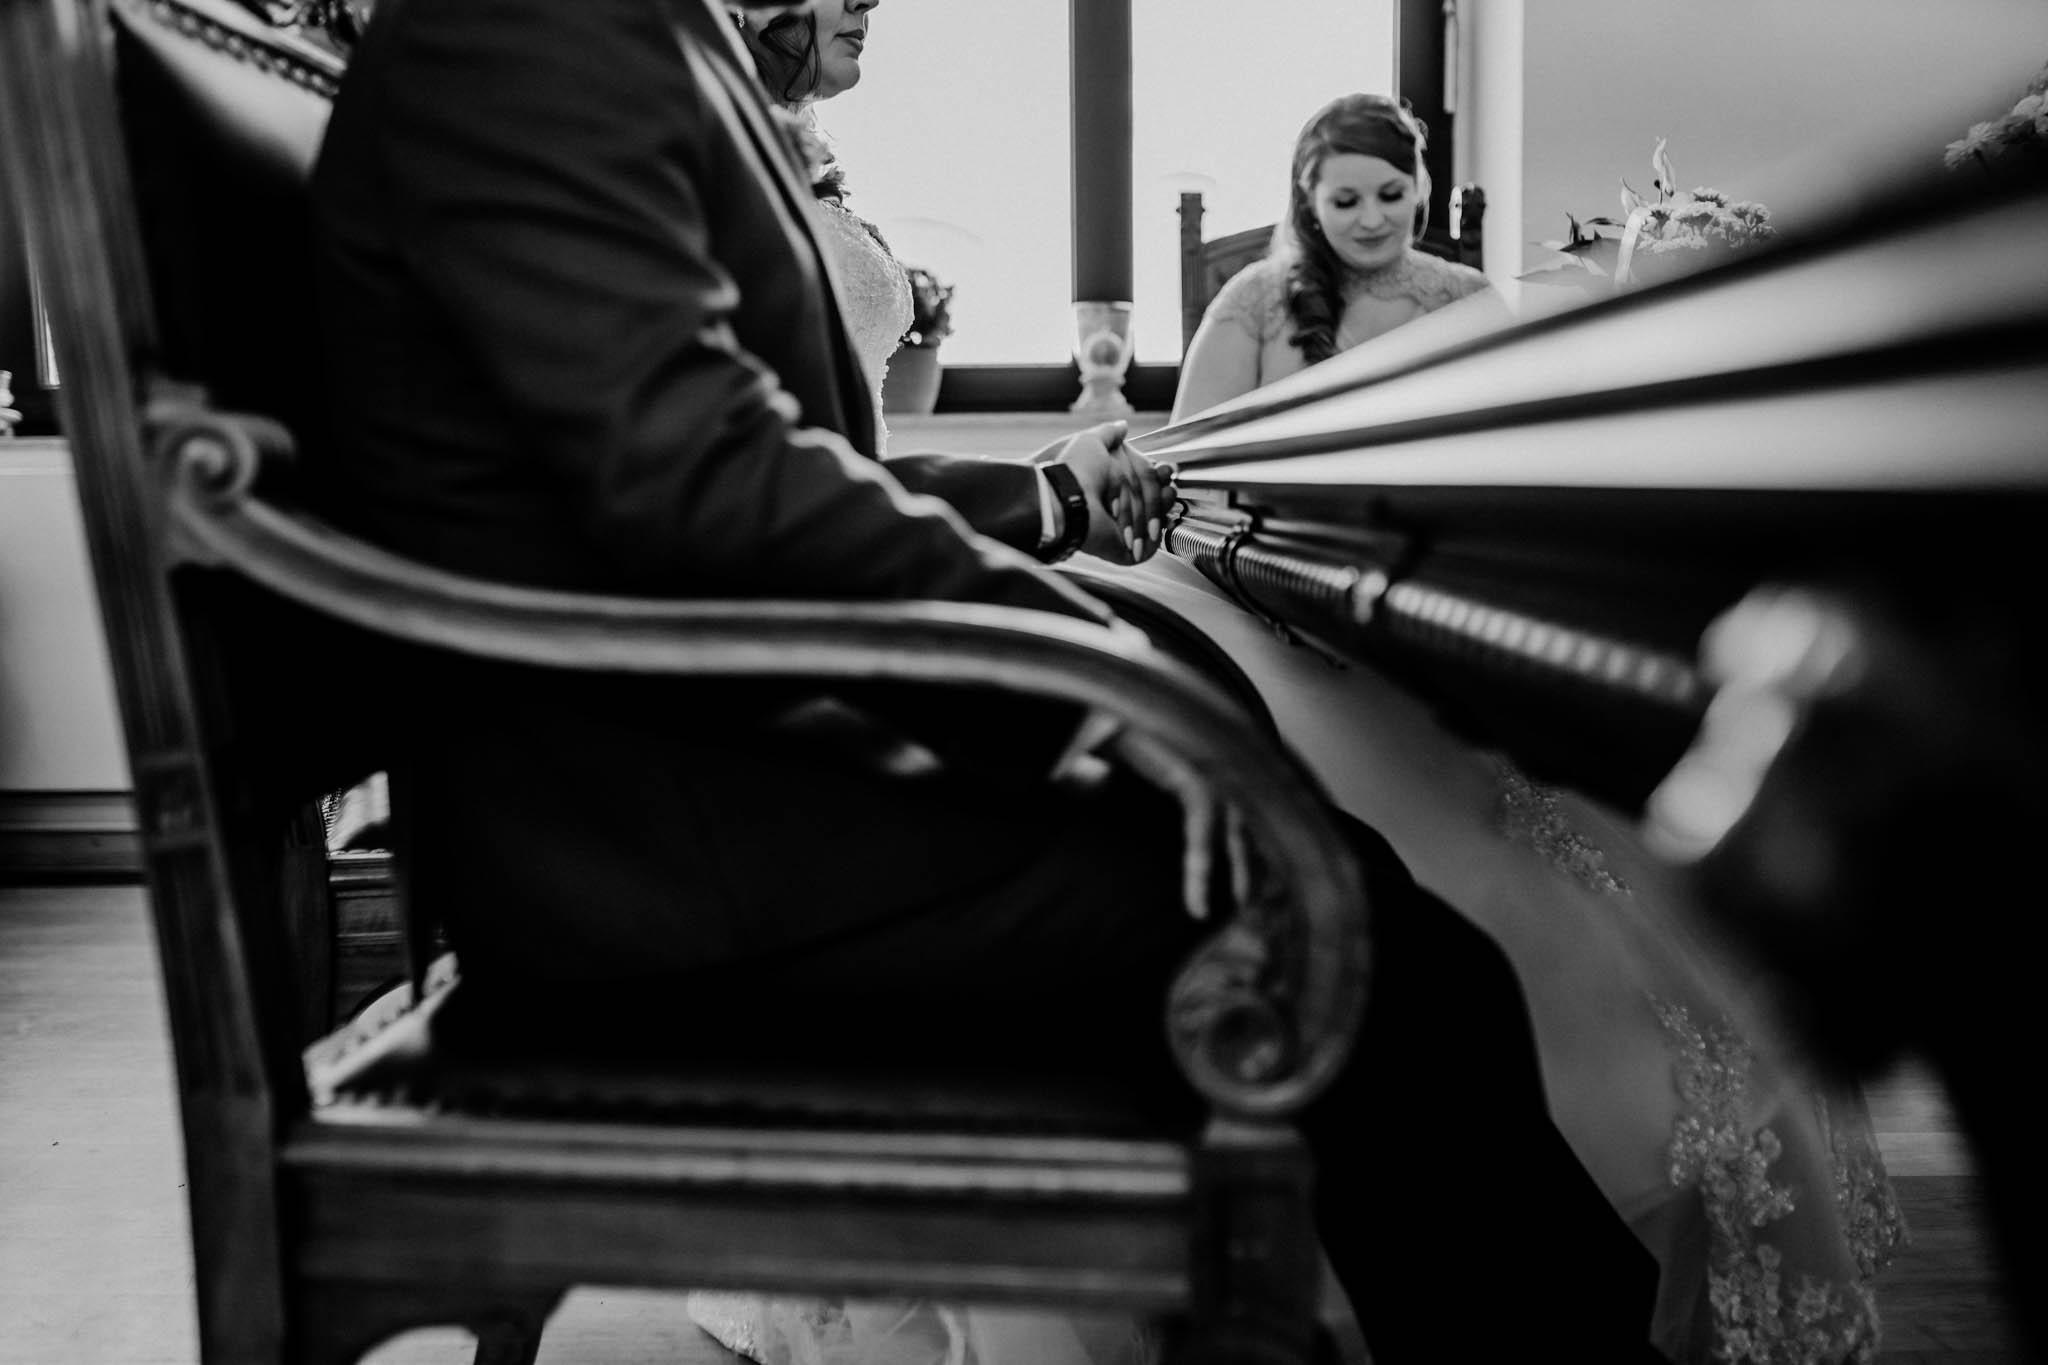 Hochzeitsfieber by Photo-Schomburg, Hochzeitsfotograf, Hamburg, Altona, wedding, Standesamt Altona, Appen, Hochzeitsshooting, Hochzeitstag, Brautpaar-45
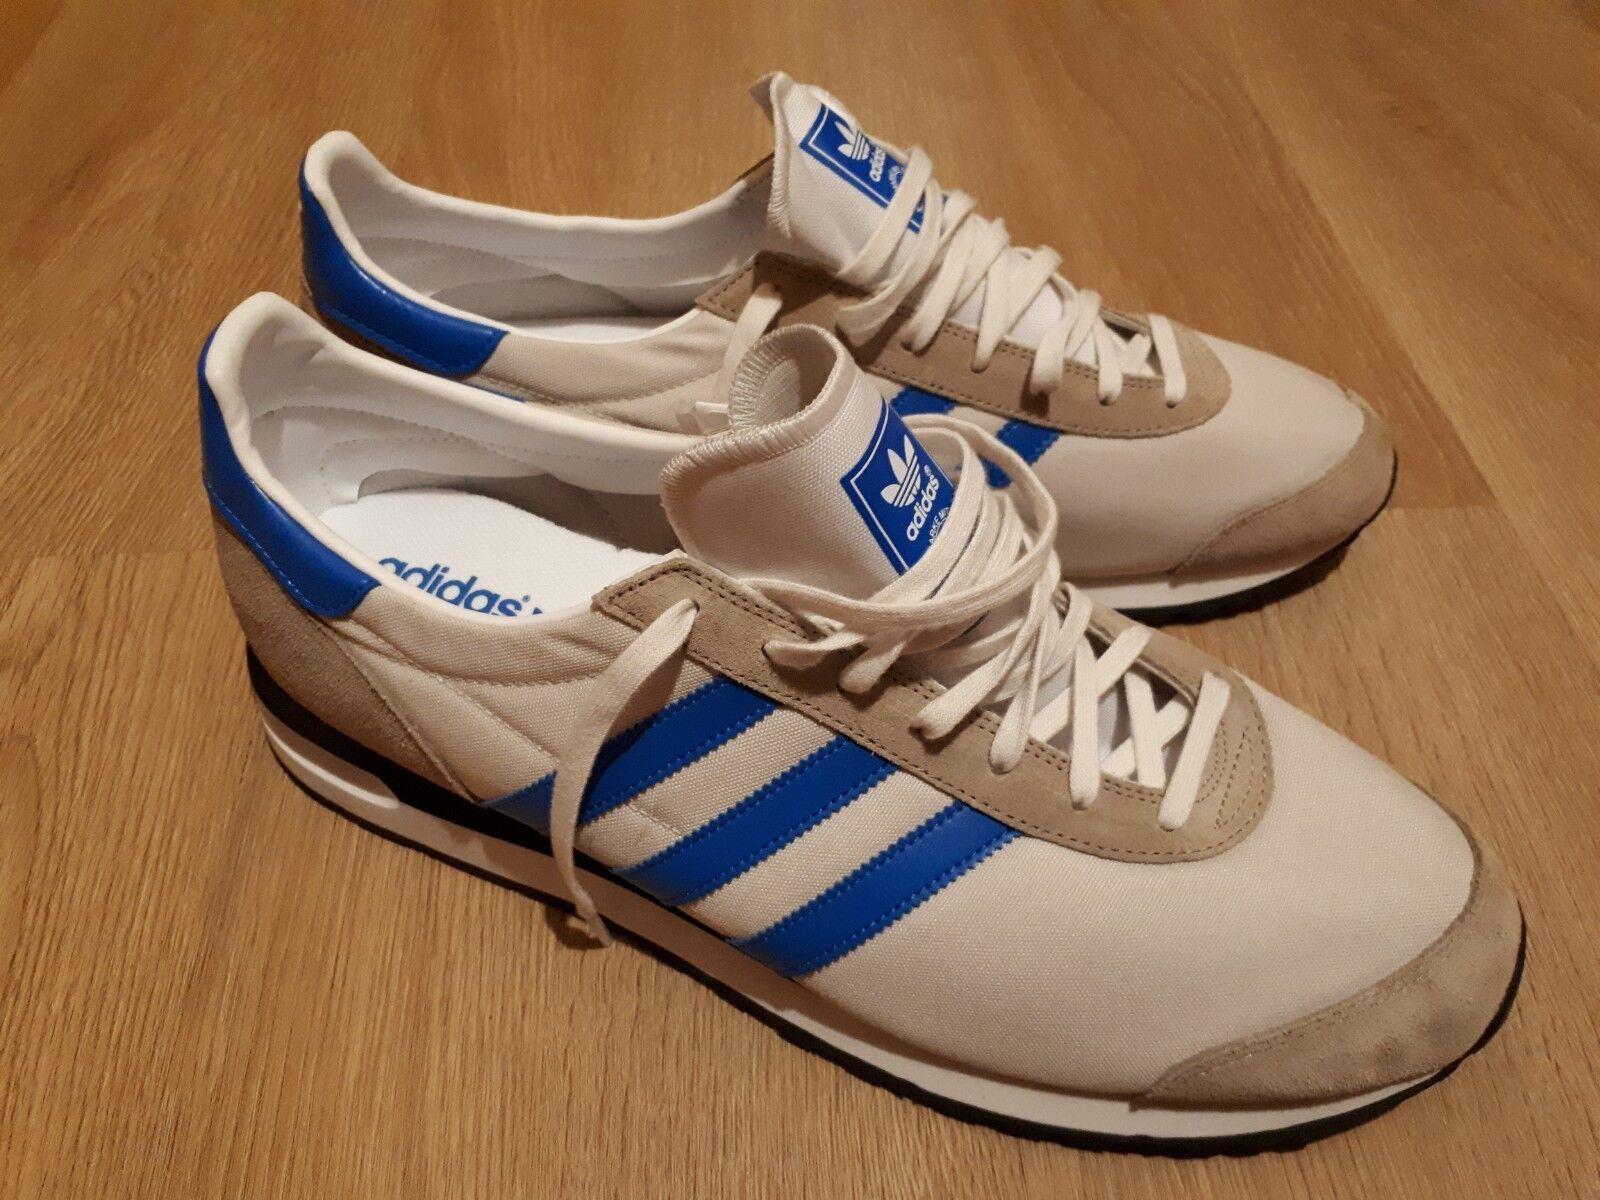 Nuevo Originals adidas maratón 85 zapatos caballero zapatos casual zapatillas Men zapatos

--

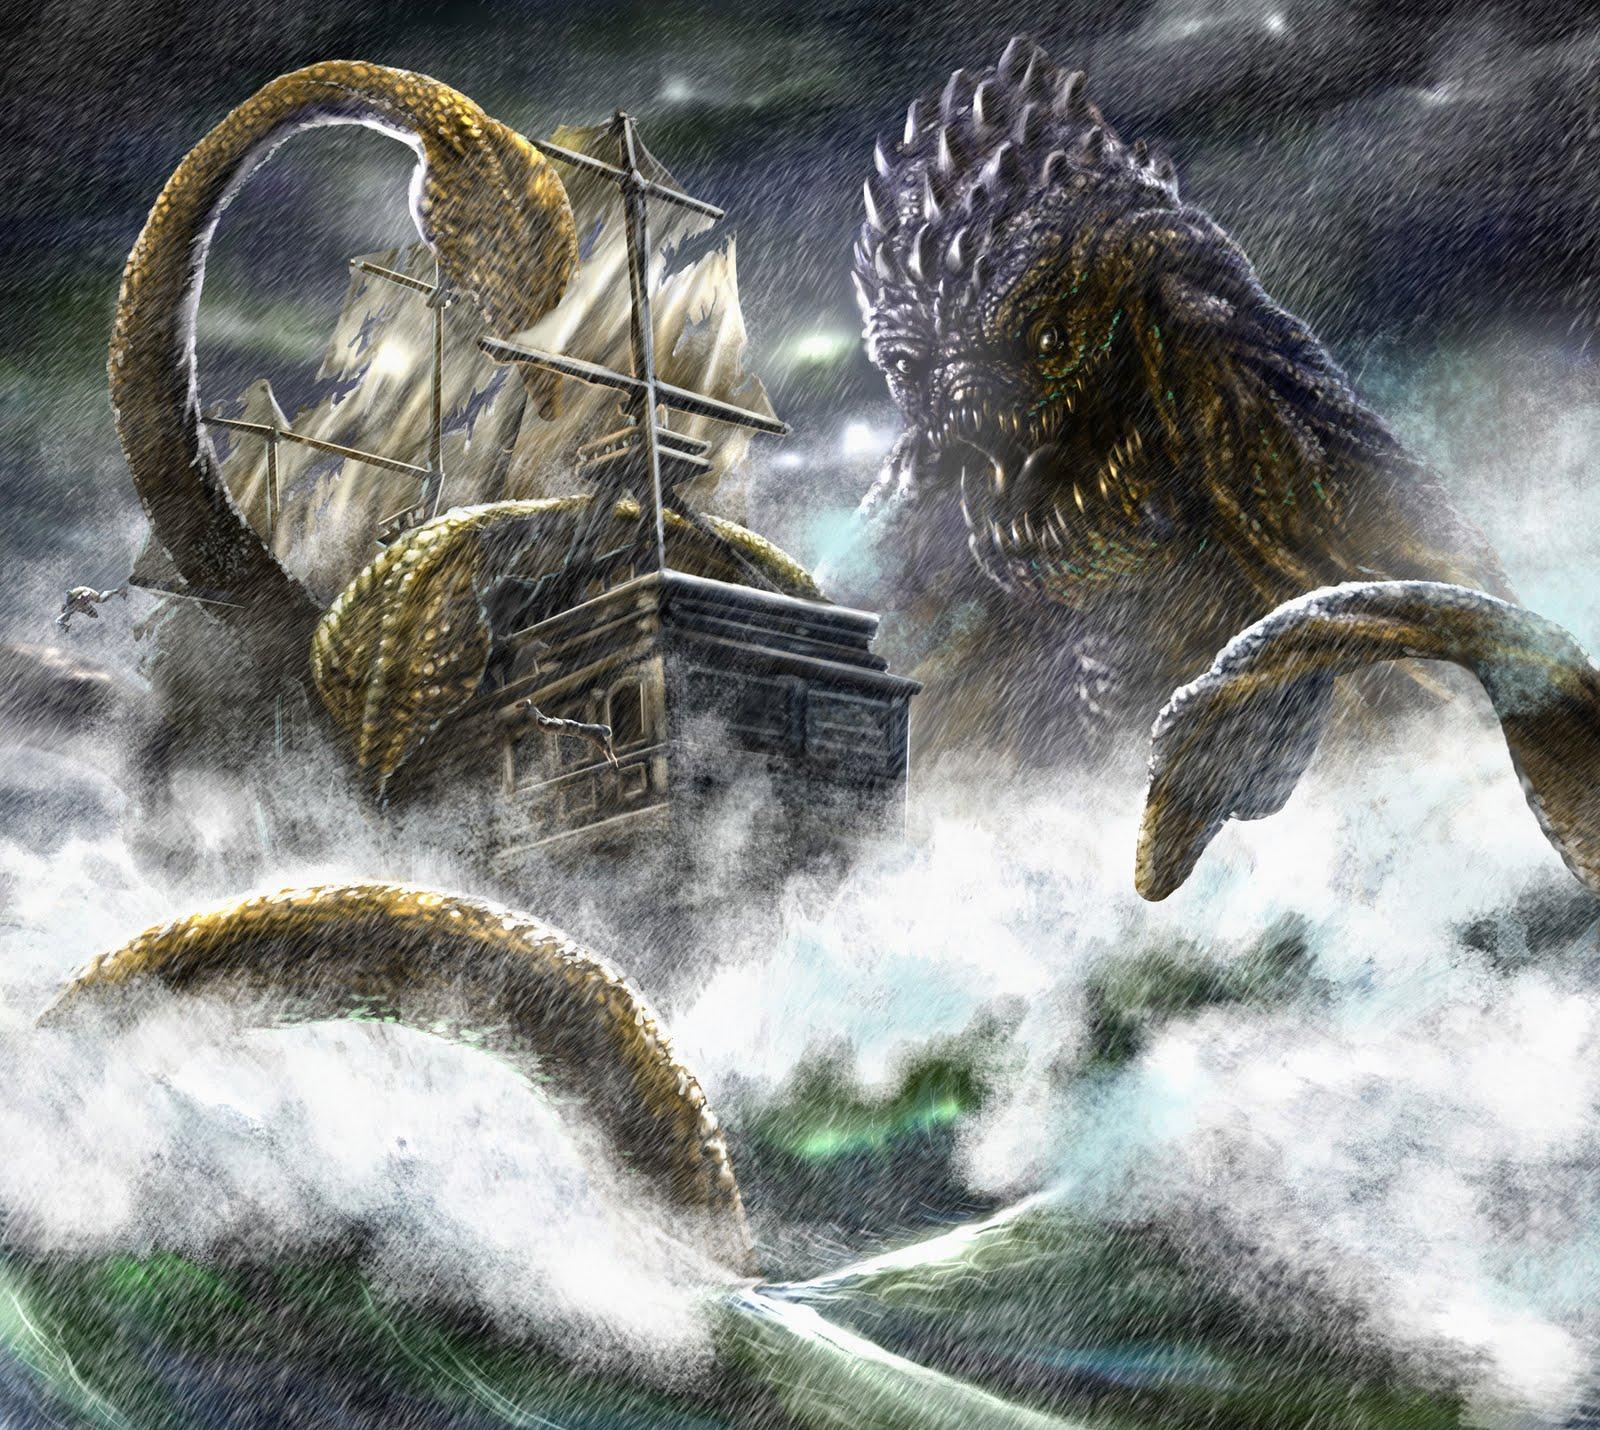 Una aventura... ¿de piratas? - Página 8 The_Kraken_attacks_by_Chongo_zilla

▶ [What is expected]: Go to the line above that contains "Hochzeitsshooting, Hochzeitstag, Brautpaar-45" and reproduce everything exactly from there through the line that contains "Nuevo Originals adidas", leaving out the pictures.

▶ [Task answer]:
 Hochzeitsfieber by Photo-Schomburg, Hochzeitsfotograf, Hamburg, Altona, wedding, Standesamt Altona, Appen, Hochzeitsshooting, Hochzeitstag, Brautpaar-45
 Nuevo Originals adidas maratón 85 zapatos caballero zapatos casual zapatillas Men zapatos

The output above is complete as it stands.